I FIND Steve Canavan’s opinion that the two Australian DJs are blameless in nurse Jacinta Saldanha’s suicide difficult to accept (Gazette December 13).
People come in all sizes and shapes as they do in their mental makeup.
Some are thick skinned and stoical in adversity while others are overtly sensitive and cannot bear to live when things go wrong or when they face criticism or ridicule.
I feel Mrs Saldanha was one such and being an immigrant felt more vulnerable than her white colleagues would have had they been in a similar situation.
She knew she would be the butt of jokes for people around the world for a long time to come. We also do not know what pressure was put on her by her employers.
Had she been severely reprimanded or threatened with dismissal?
Unless we can be sure of all the facts it is not appropriate, in my opinion, to be so judgmental and exonerate the DJs completely.
I however entirely agree that his or her prank was neither malicious nor intended to hurt anyone. Mr Canavan refers to the fact pranks such as this are nothing new.
However the import, significance and public interest in something like the current prank cannot be compared to the run of the mill practical jokes that he refers to.
I think the DJs must and should bear at least some responsibility for the tragic event.
DR K.S. VASUDEV
EVERYWHERE, the comments about safety and regulation of fracking concentrate on the earth tremors and consequent seismic issues.

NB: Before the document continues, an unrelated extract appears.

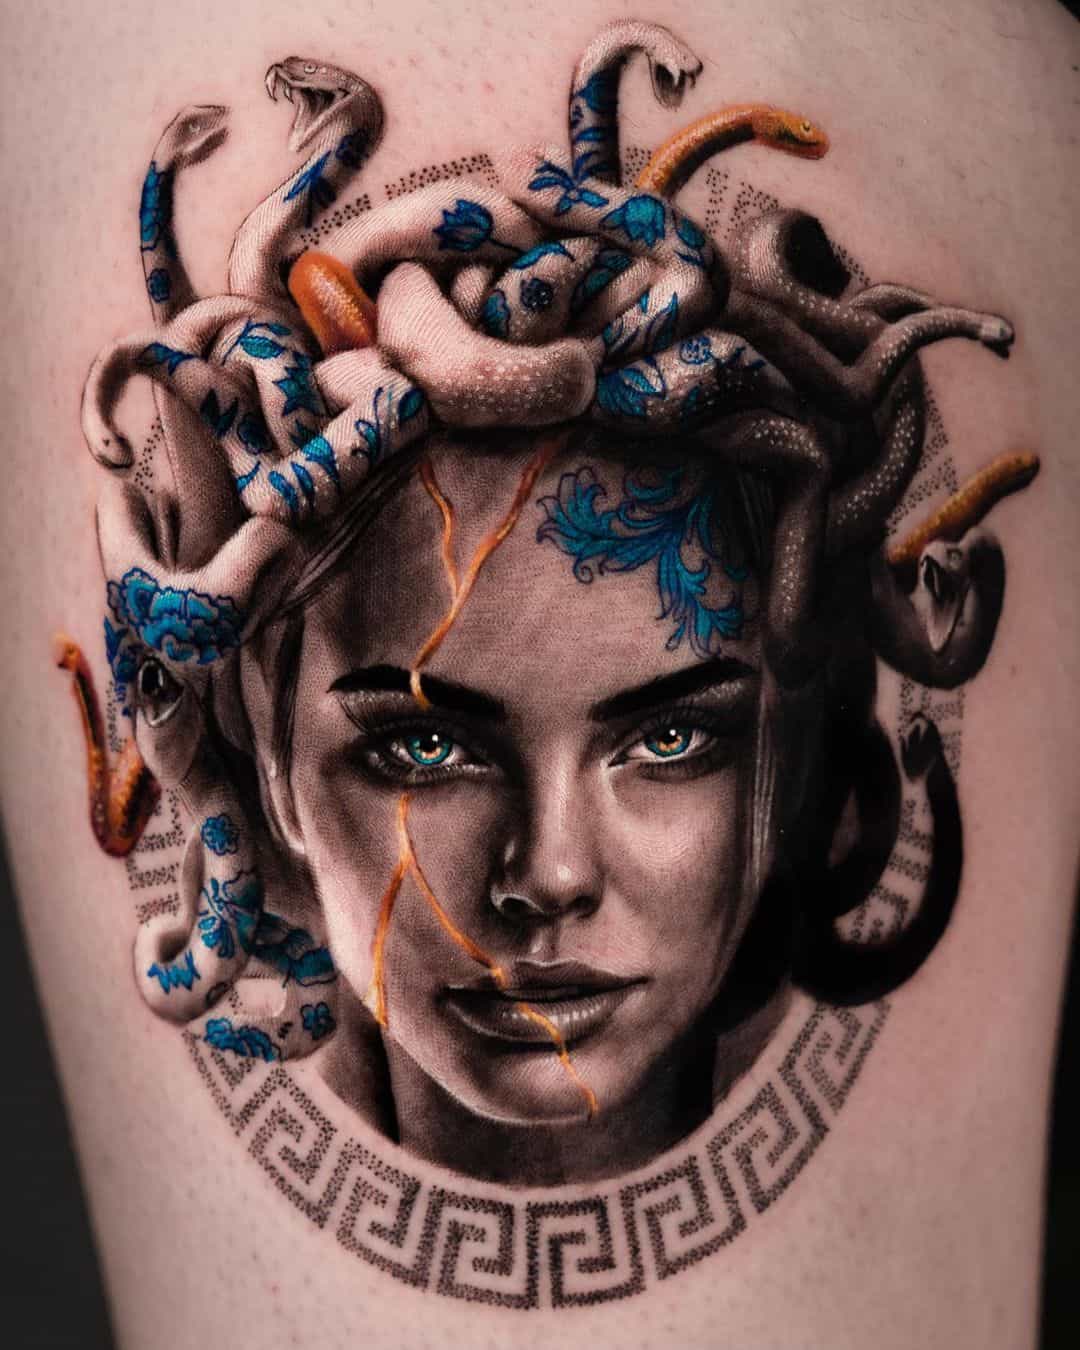 Medusa tattoo by shalevstorm

But I have grave concern that it becomes accepted wisdom that this is all that needs regulation and monitoring.
Current regulations are those applied offshore and simple onshore drilling.
There are technical issues in fracking, most notably the huge quantities of water used, the contaminants that water picks up and brings with it on return to the surface, and then what to do with it, for which there are no sensible and adequate regulations.
Secondly, although a single monitoring agency is proposed there is little detail of how it will be staffed and operate.
Finally the importance of the Lancashire County Council debate initiated and led by Coun Bill Winlow cannot be overstated. Councillors from every political party that attended the meeting, including those who have historically been hostile to the whole idea of fracking, voted in favour of the motion.
Lancashire County Council has planning authority over fracking and now has a clear and universally approved policy for dealing with it.
AFTER reading the heart-warming request by Father Anthony, on behalf of the Rainbow Bridge Sanctuary for abandoned cats (Letters November 30), I would just like to say that in these uncertain times it is re-assuring to know that we can still care for our fellow creatures as well as for each other. When life can be such a struggle at times, it is so easy for us to ignore what has been given to us to enrich our lives, whether it is our pets or the wildlife and beauty of the planet.
COUN Fred Jackson says “We are currently carrying out a review of the town centre to see where the congestion is taking place.
“One of the difficulties we have is Blackpool’s roads were designed when there were fewer cars on the road” (Gazette December 18). When there were fewer cars (and far more pedestrians) on the road, Central Promenade was designed with two lanes in each direction as a major thoroughfare.
Now, thanks to the Council’s efforts, it is crumbling crawl-causing hazards and congestion throughout the vicinity. How long does it take to say “sorry, we got it wrong” and put it right?
Not in this council’s vocabulary I fear.